Setting up Okta System Log Streaming in Splunk

Configure Splunk Cloud to collect data via Okta Log Streaming

To stream Okta System Log events in Splunk Cloud, Configure Splunk's HTTP Event Collector (HEC) endpoint to accept HTTPS connections and collect data. For more information, see Set up and use HTTP Event Collector in Splunk Web in the Splunk documentation.
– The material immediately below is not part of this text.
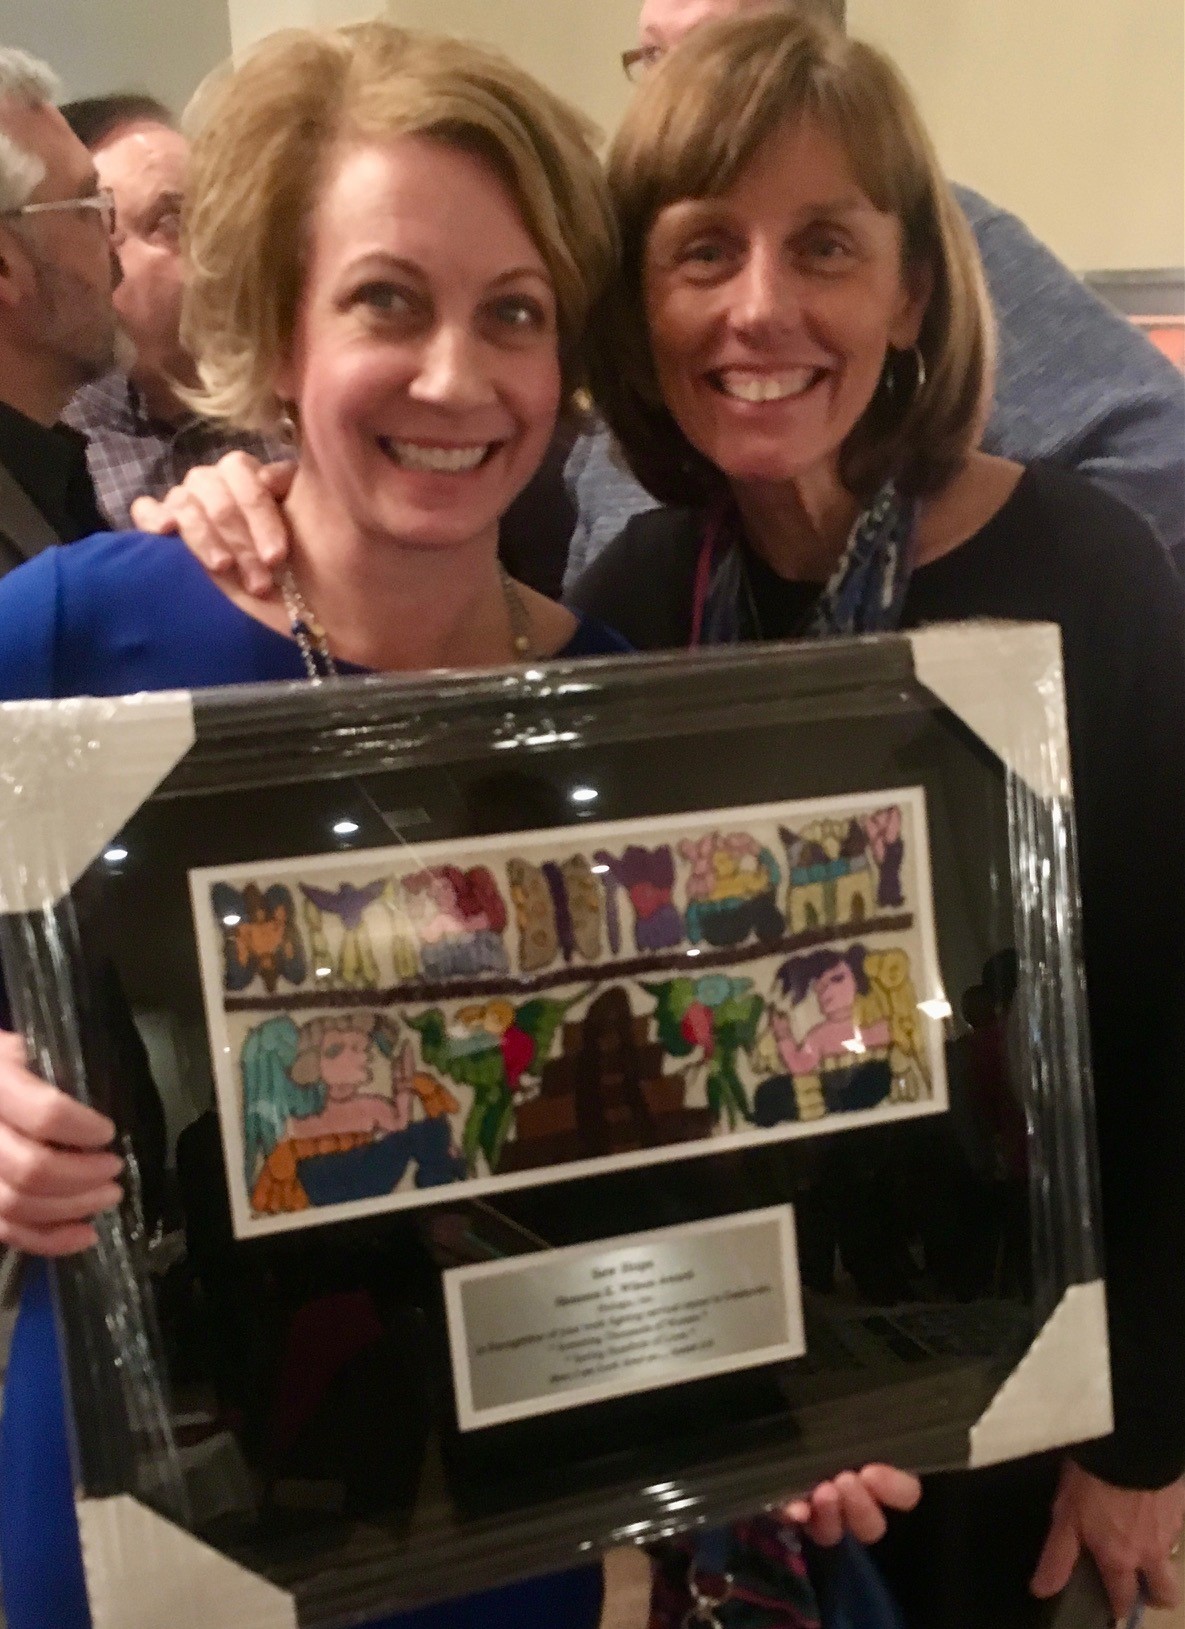 Rhonda Blue and Dr. Anne Ruch with plaque recognizing Hologic support for SewHope.

When you create the HTTP Event Collector, make sure to set the sourcetype as OktaIM2:log so that the extractions of the sourcetype work in the events collected via Log Streaming

Steps to configure Okta Log Streaming to send data via Splunk HEC

1. Sign in to your okta org as a super admin.
2. In the Admin Console, navigate to Reports > Log Streaming.
3. Click Add Log Stream to start the log stream wizard.
4. Select "Splunk Cloud" from the catalog and click Next.
5. Fill in the configuration details of your Splunk Cloud Log Stream:.
• * Name: Unique name of the log stream in Okta.
• * Splunk Edition: Select the edition.
• * Host: Enter the domain for your Splunk Cloud Instance. For example:- abc.splunkcloud.com.
• * HEC Token: The Token from your Splunk Cloud HTTP Event Collector(HEC).
6. Click Save. You will receive a confirmation message.

For more details regarding Okta Log Streaming, see "Add a Splunk Cloud Log Stream"

Important points to consider when using Okta System Log Streaming

• Okta Log Streaming is supported only on Splunk Cloud instances
• Okta Log Streaming is able to collect the live data streaming into the Okta Identity Cloud. To collect historical data, the user must configure and utilize the modular inputs provided by the add-on
• In any case if the Okta System Log Streaming faces an error such that it stops sending the data into Splunk, then that data is lost and the same data cannot be retrieved using Log Streaming.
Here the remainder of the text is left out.